The Creative Industries Drama Major course is designed to produce entrepreneurs who can find or create work in a number of fields. Performance Skills Laboratory 1 (Acting 101) has brought them to a point where they are (mostly) confident in the space, however, I suspect lack of time has been a hindrance on students’ understanding of the text, and also with regard to connecting voice and body and character. We get a more fully realised performance from a mature age student, Lyn Stevenson; the same woman who stood out from the rest in USC Drama’s debut production, R&J (2013).

 

The production cleverly incorporates Foster’s research by giving students’ responses to her text messages to white clad ensemble figures in between the familiar scenes. The focus shifts from Hamlet to Ophelia, and her death, which brings a sudden change in pace and an unexpected conclusion.

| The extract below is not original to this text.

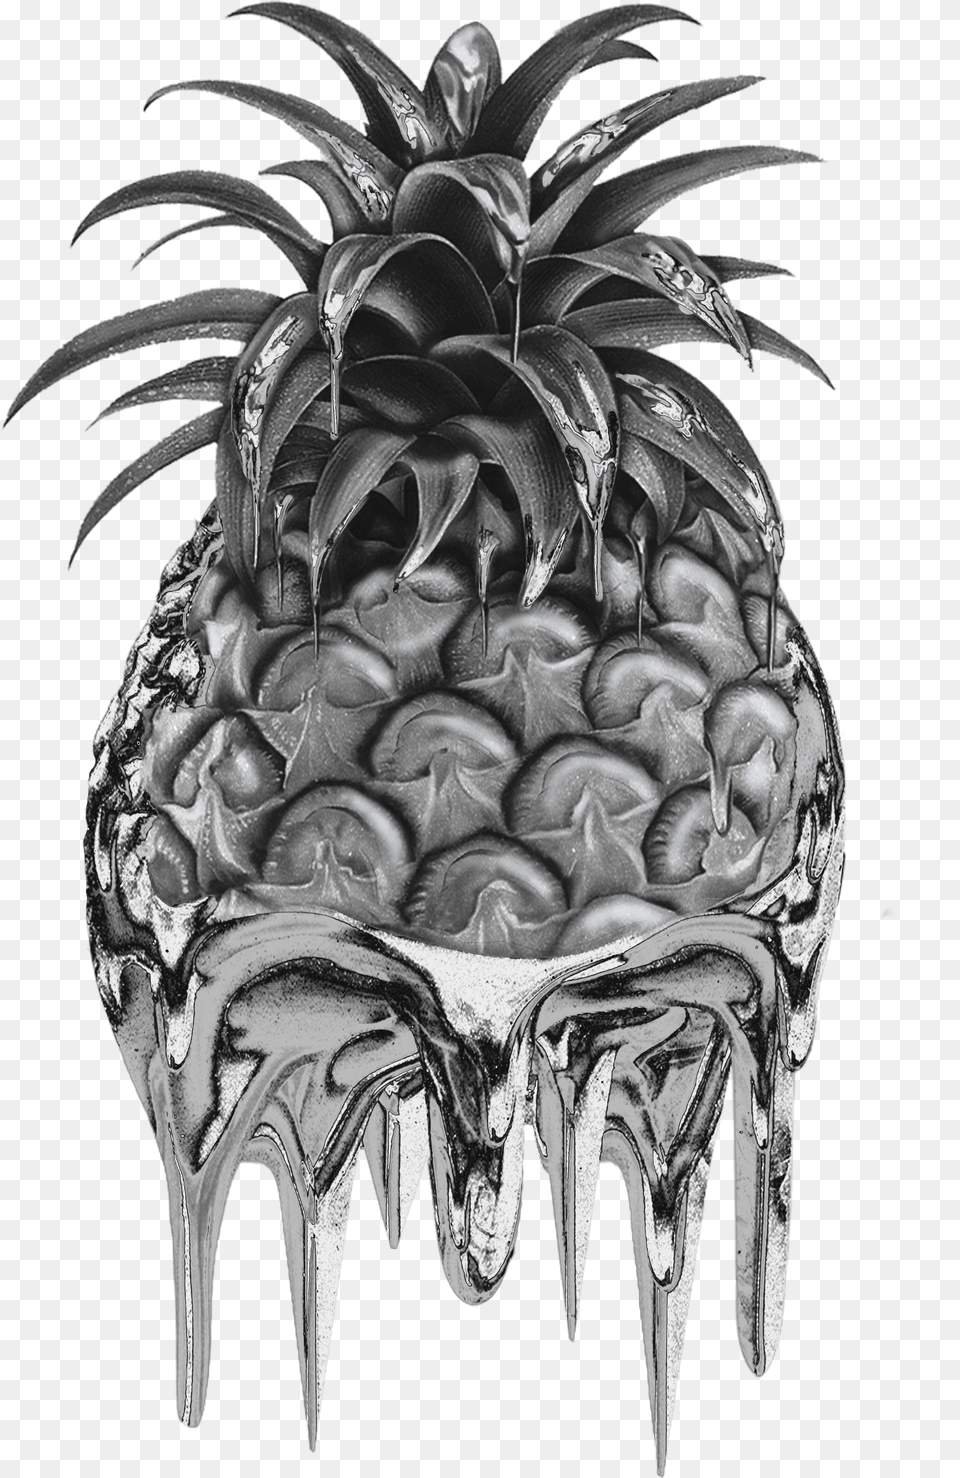 Stay Gold Silver Chrome Drip Pineapple Fruits, Food, Fruit, Plant, Produce Png Image

The ensemble, like a Greek Chorus or a shiver of sharks, circle Ophelia on her pedestal/coffin and take their places downstage to remind us that mental health is, indeed, a serious issue.

 

The template is potentially a wonderful resource for schools and community groups. It deserves further dramaturgical development and I’d love to see it receive the funds that would make publishing possible. This way, the (anonymous) personal stories can be easily incorporated, making the original story and local content relevant to entirely new audiences.

 

Loth has big ideas and at times very little to work with, but her gift is in going beyond our expectations and boldly challenging our notions of what theatre is and what role it plays within contemporary society. The potential of performance, to change how we see the world and each other, is evident in each original production Loth undertakes.